Comme c’est « une histoire sans sexe, pour reposer la libido », inutile de chercher de ce côté-là. L’auteur fait trouver à son héroïne obsessionnelle le mot juste dans le dico pour pulvériser la bienveillance, la gentillesse, la compassion. Il se joue de l’usage de mots surannés et de “vilaines allitérations” — homicide ô Mon Dieu, hache-hargne — en entonnant des antonymes, il se moque des avocats, de la presse, du microcosme de notabilités locales, il force le trait des opposés qui s’attirent irrésistiblement dans une relecture de la Belle et la Bête, il s’amuse et nous avec de la rédemption du criminel évangélisateur, de la “star œcuménique” et du dérapage contrôlé de la sainte-nitouche. Disons-le, puisque le plaisir de cette lecture dépasse l’objet du récit : il périra par où il a prêché, coincé entre l’arme fatale de la Vierge et du supplicié le plus célèbre du monde. La Bible, passeport pour la liberté ? Plutôt pour l’éternité, qui arrive parfois plus tôt que prévu. Comme une injustice. Un coup de grâce.

77 pages chrono

Hervé Brunaux nous balade du co(s)mique de répétition aux frictions de la fiction : la poésie et la langue qu’il invente permet tout cela en 77 pages chrono et quatre chapitres : thèse, antithèse, synthèse… et prothèse. Foutaise ? Attendez l’arrivée du commissaire, sur le dernier sprint, pour la surprise du point final.

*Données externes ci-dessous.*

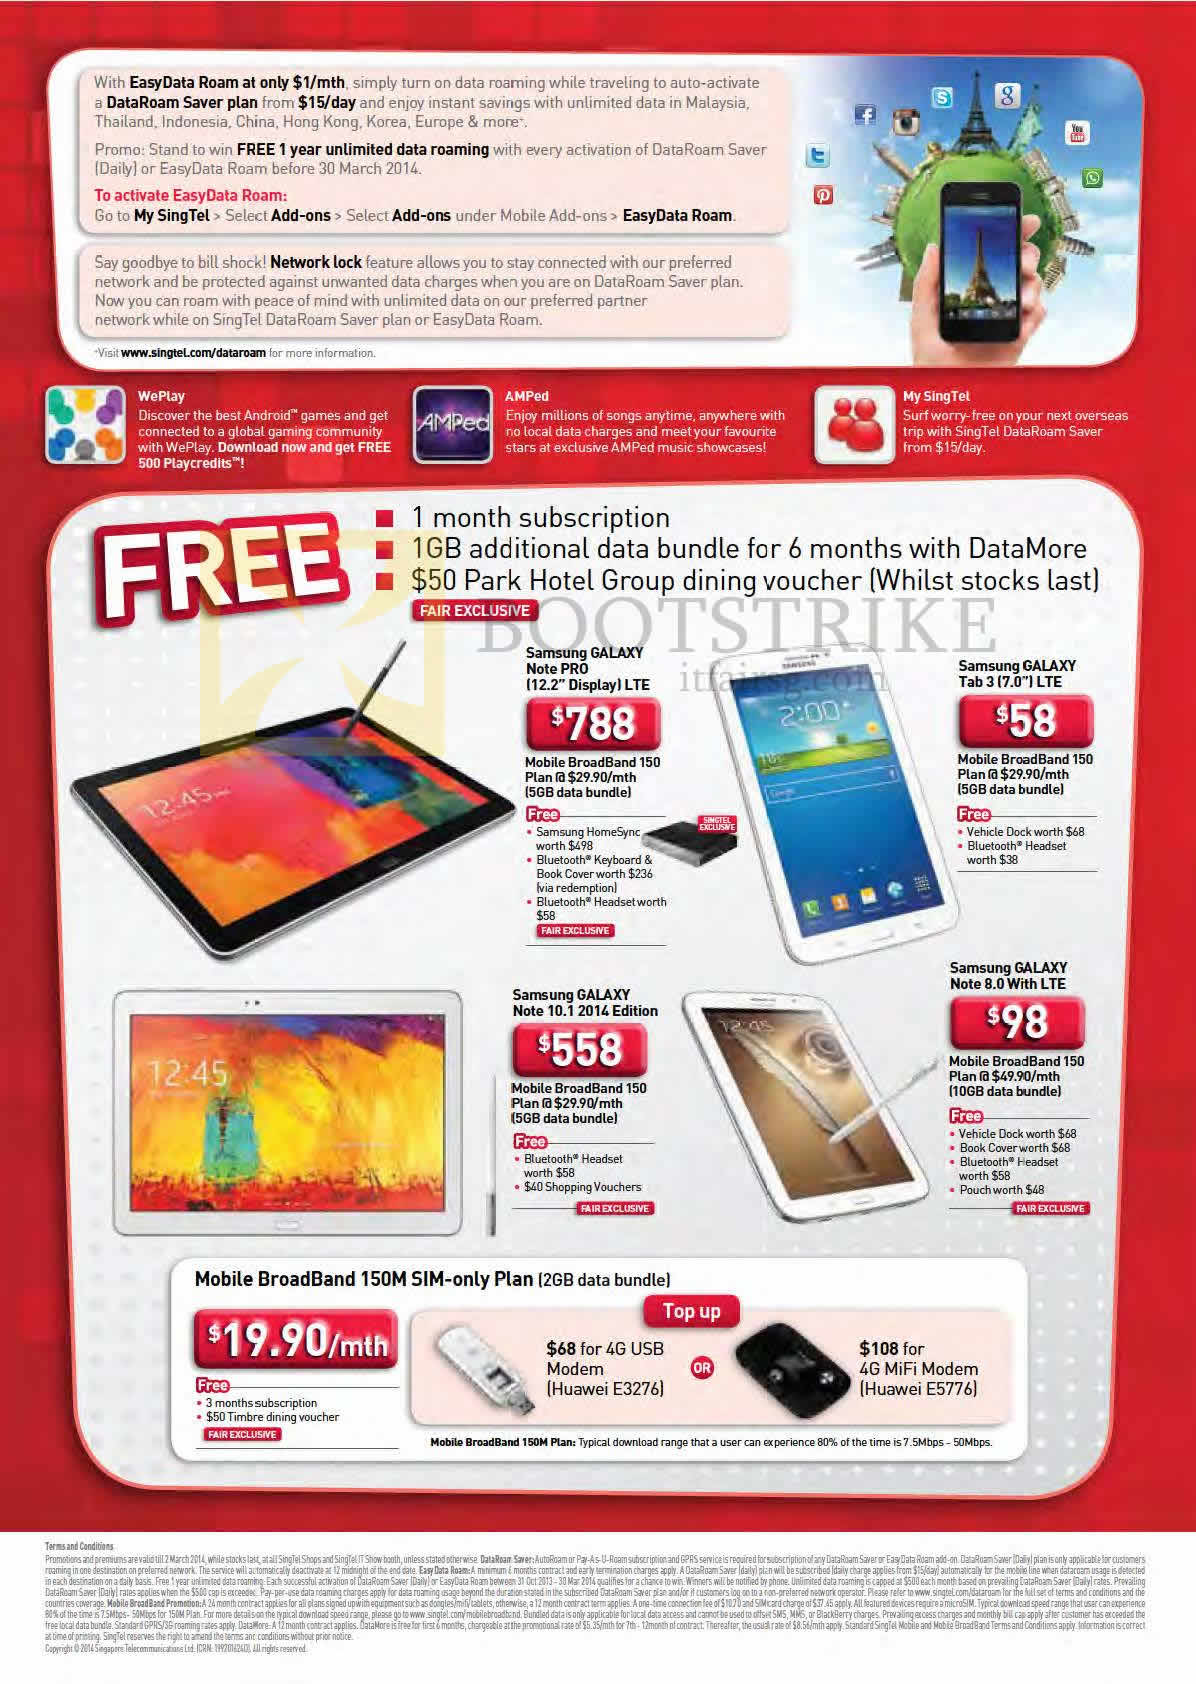 Singtel Mobile Broadband Samsung Galaxy Note Pro Tab 3 70 Voucher 1gb It Show 2014 Price List Image Brochure Of

Destiné “à personne” en intention, ce Bibichette exposé en couverture entre colt noir et rose Barbie a d’abord vécu à l’oral avant de devenir un livre, publié chez LansKine : on imagine en effet assez bien l’ouvrage en lecture publique, comme l’auteur s’en est déjà emparé avec Frédérique Soumagne lors du festival VoixVives en juillet dernier à Sète et on espère qu’il le mettra à portée d’oreilles des Périgourdins lors du prochain Expoésie, festival qu’on lui doit, tout comme la revue Ouste.